Moon Todd K, Gunther Jacob H
Electrical and Computer Engineering Department, Utah State University, Logan, UT 84332, USA.
Entropy (Basel). 2020 May 19;22(5):572. doi: 10.3390/e22050572.
Estimating the parameters of the autoregressive (AR) random process is a problem that has been well-studied. In many applications, only noisy measurements of AR process are available. The effect of the additive noise is that the system can be modeled as an AR model with colored noise, even when the measurement noise is white, where the correlation matrix depends on the AR parameters. Because of the correlation, it is expedient to compute using multiple stacked observations. Performing a weighted least-squares estimation of the AR parameters using an inverse covariance weighting can provide significantly better parameter estimates, with improvement increasing with the stack depth. The estimation algorithm is essentially a vector RLS adaptive filter, with time-varying covariance matrix. Different ways of estimating the unknown covariance are presented, as well as a method to estimate the variances of the AR and observation noise.

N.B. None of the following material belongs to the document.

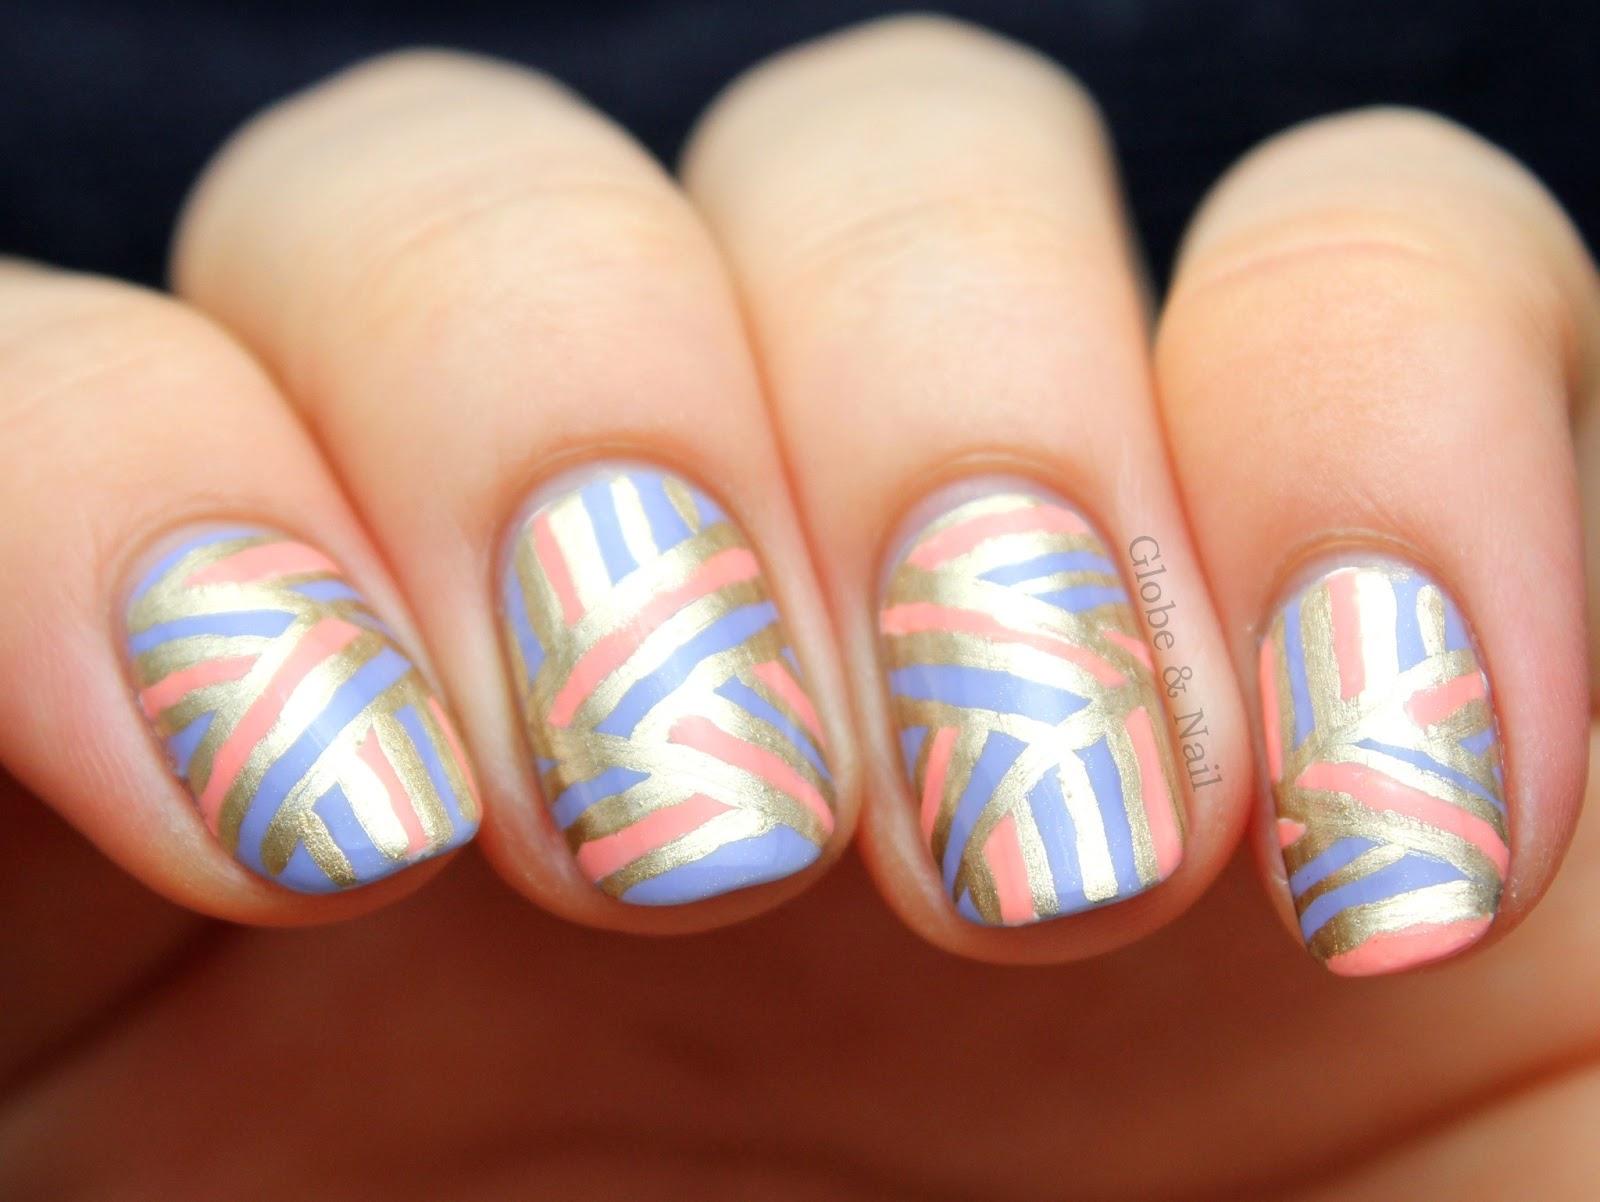 22 outstanding Round Fake Nails – ledufa.com

The notation is extended to vector autoregressive (VAR) processes. Simulation results demonstrate performance improvements in coefficient error and in spectrum estimation.
估计自回归(AR)随机过程的参数是一个已得到充分研究的问题。在许多应用中,只能获得AR过程的带噪测量值。加性噪声的影响在于,即使测量噪声是白噪声,系统也可建模为具有有色噪声的AR模型,其中相关矩阵取决于AR参数。由于存在相关性,使用多个堆叠观测值进行计算较为便利。使用逆协方差加权对AR参数进行加权最小二乘估计可显著提供更好的参数估计,且随着堆叠深度的增加,改进效果也会增强。该估计算法本质上是一个具有时变协方差矩阵的向量RLS自适应滤波器。文中介绍了估计未知协方差的不同方法,以及一种估计AR和观测噪声方差的方法。符号表示扩展到向量自回归(VAR)过程。仿真结果表明在系数误差和频谱估计方面性能有所提升。